- **TASK TO CARRY OUT**: Extract each line of the material that follows exactly and omit its pictures.

- **INFORMATION SUPPLIED**:
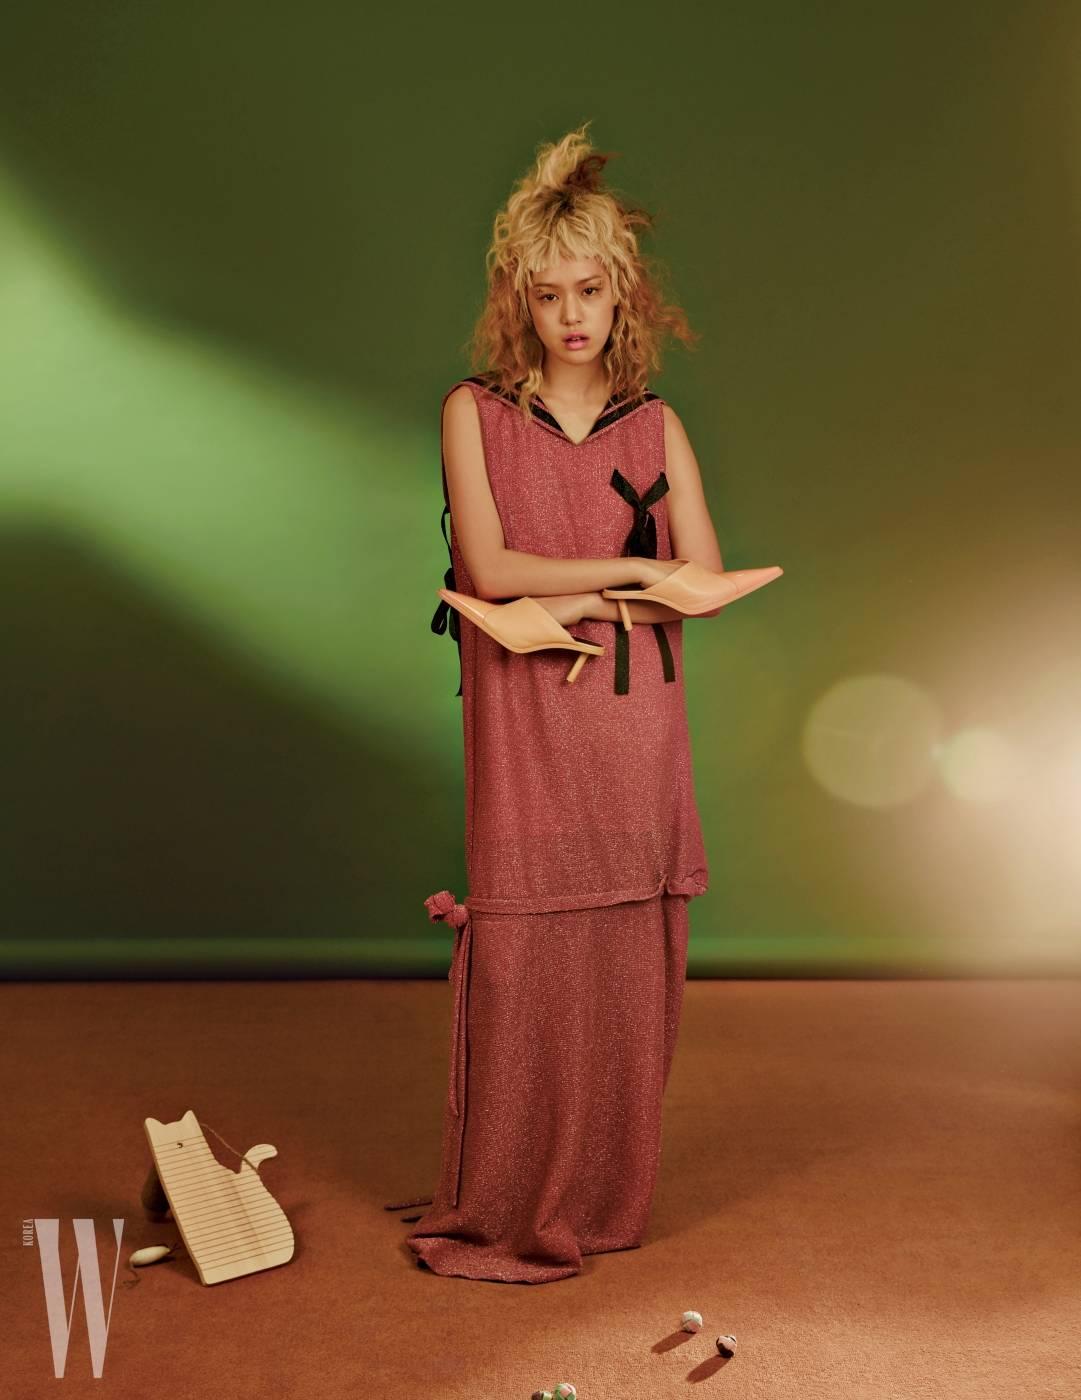 반짝이는 롱 드레스는 더스튜디오 케이 제품. 가격 미정. 키튼힐 장식 뮬은 셀린 제품. 가격 미정.
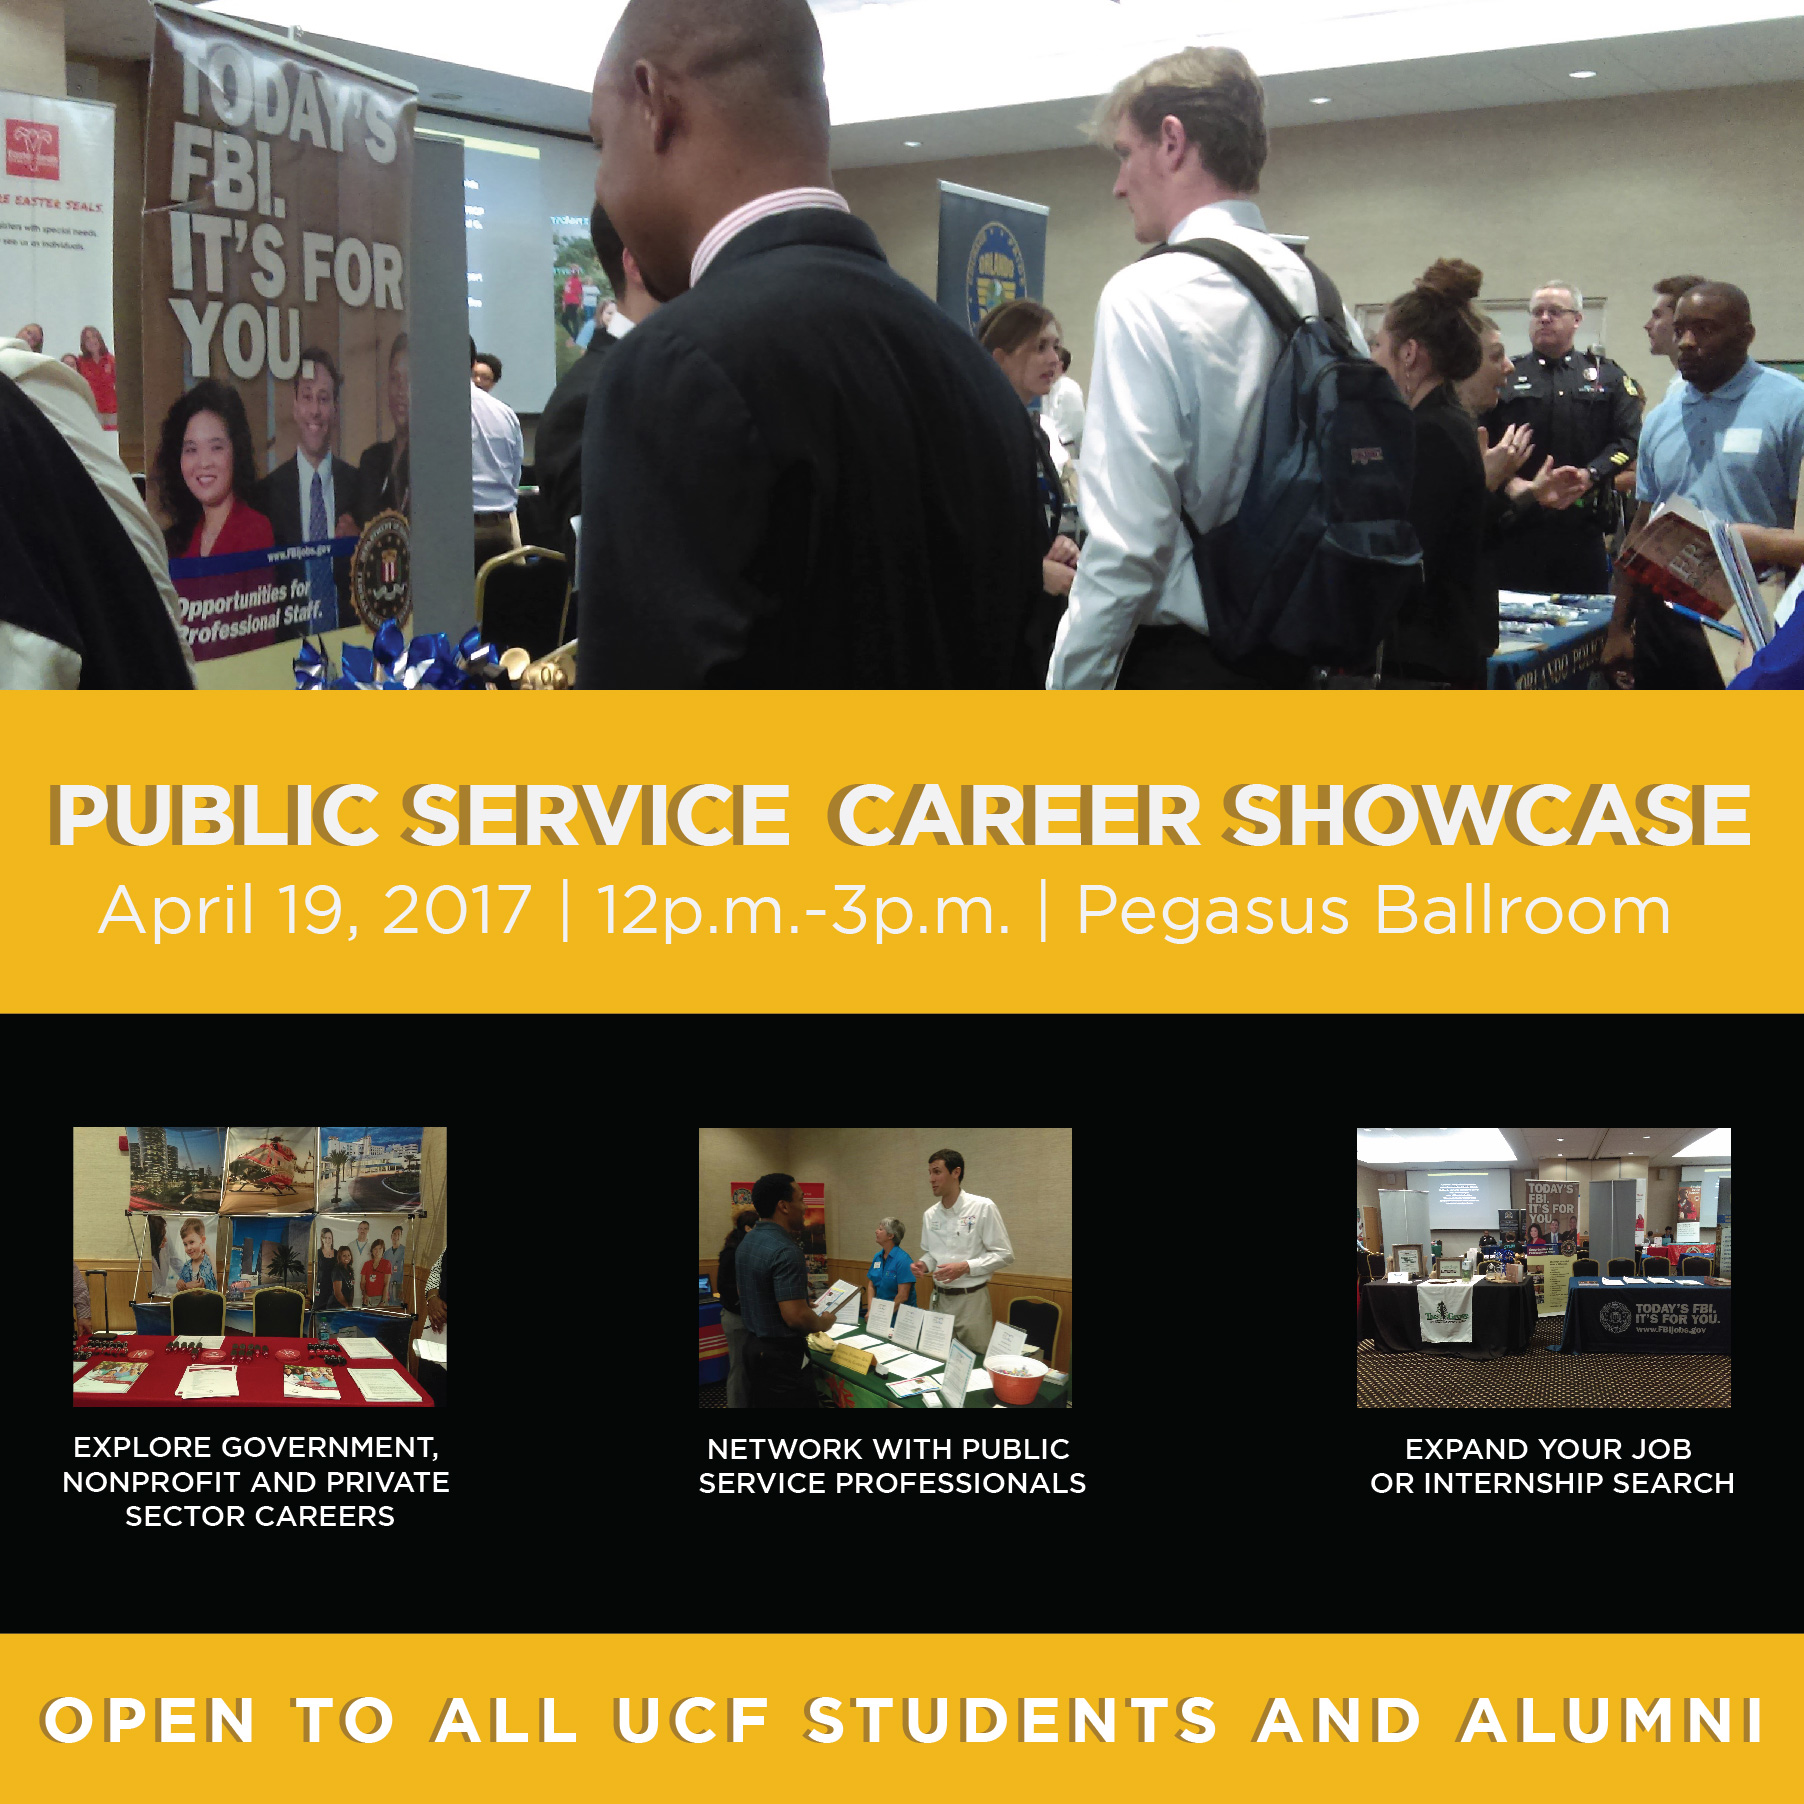 Niedlich Ucf Career Services Beispiel Lebenslauf Bilder - Beispiel ...
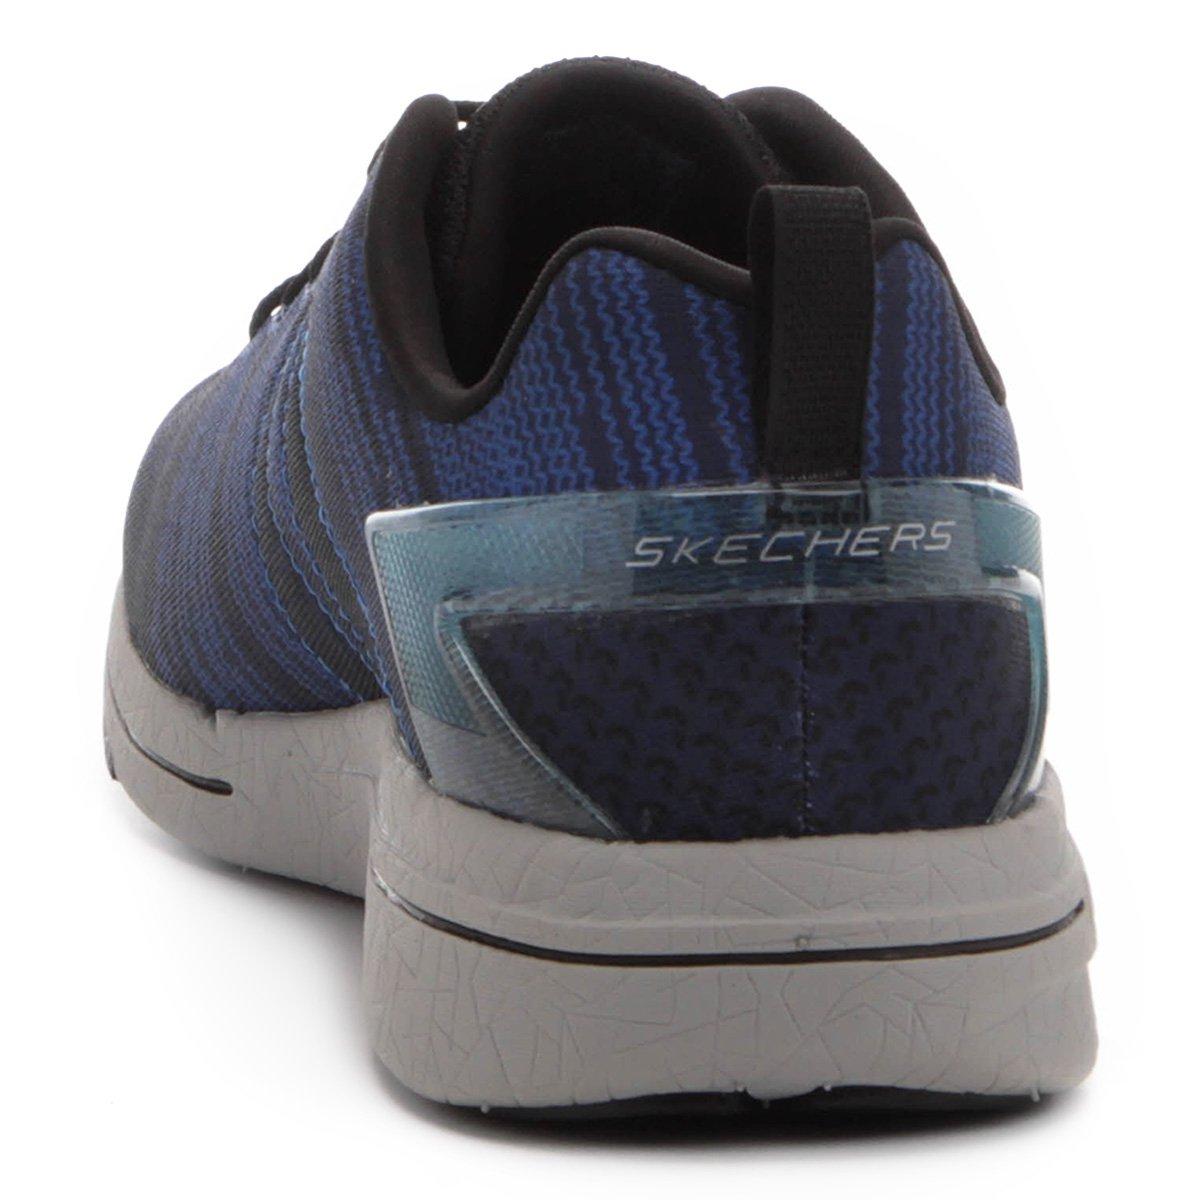 Tênis Skechers Burst 2.0 In The Mix II Masculino - Compre Agora ... 5dde065751ddb
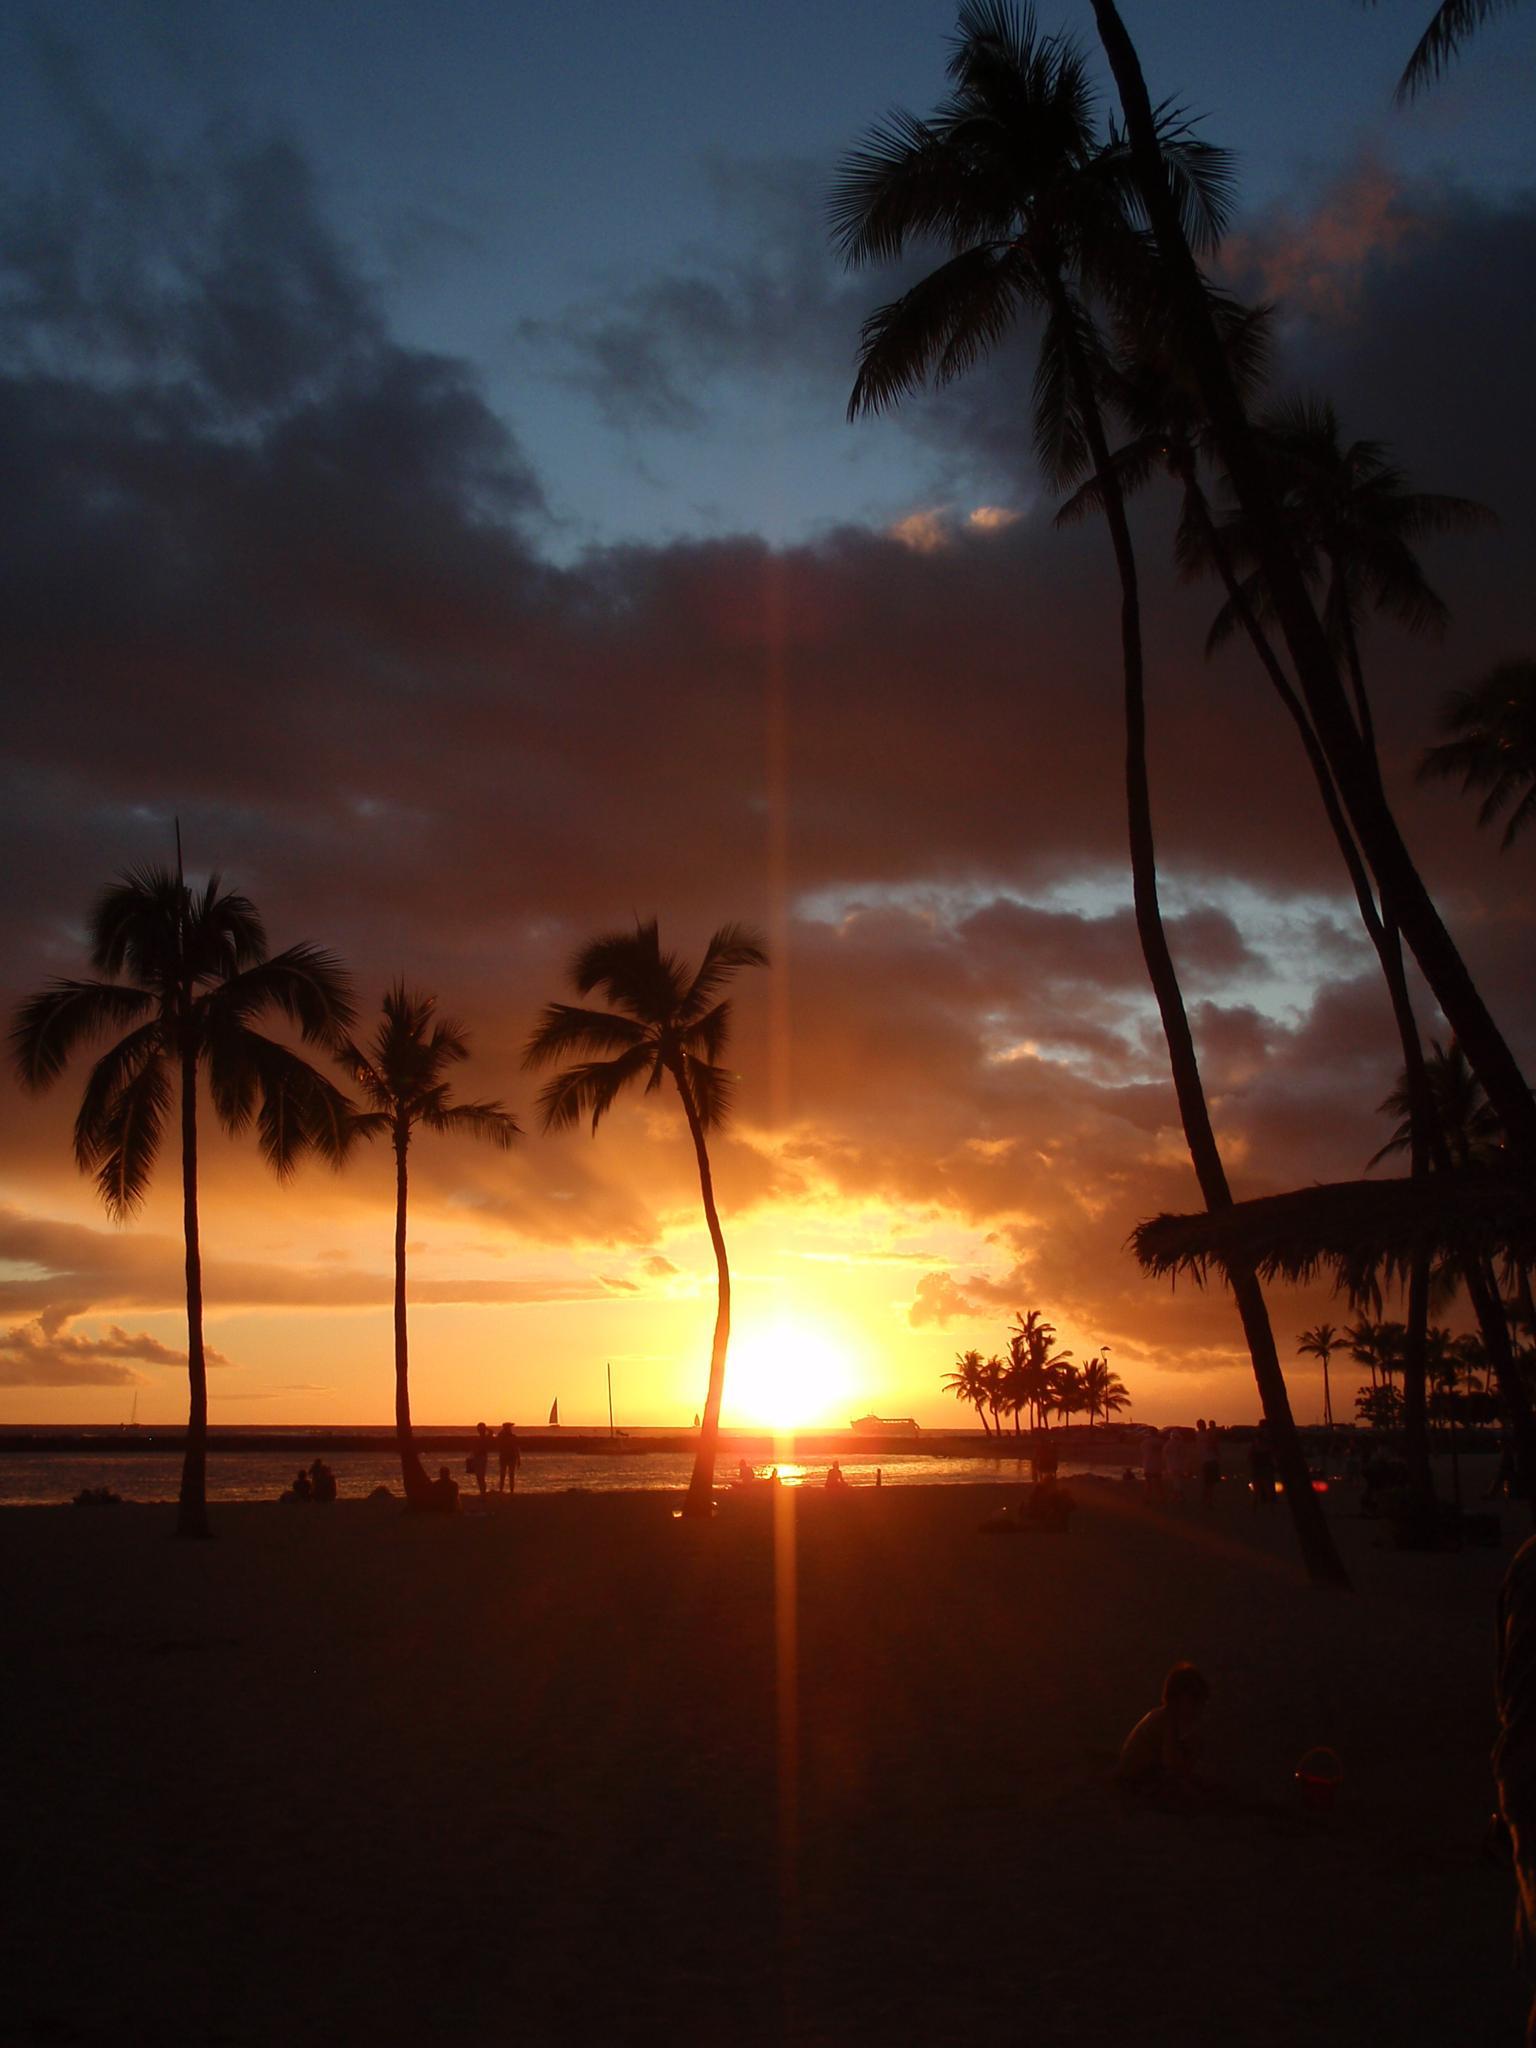 Hawaii Sunset by Jason R. Rich

- **SOLVED PROBLEM**:
 반짝이는 롱 드레스는 더스튜디오 케이 제품. 가격 미정. 키튼힐 장식 뮬은 셀린 제품. 가격 미정.
 Niedlich Ucf Career Services Beispiel Lebenslauf Bilder - Beispiel ...
 Tênis Skechers Burst 2.0 In The Mix II Masculino - Compre Agora ... 5dde065751ddb
 Hawaii Sunset by Jason R. Rich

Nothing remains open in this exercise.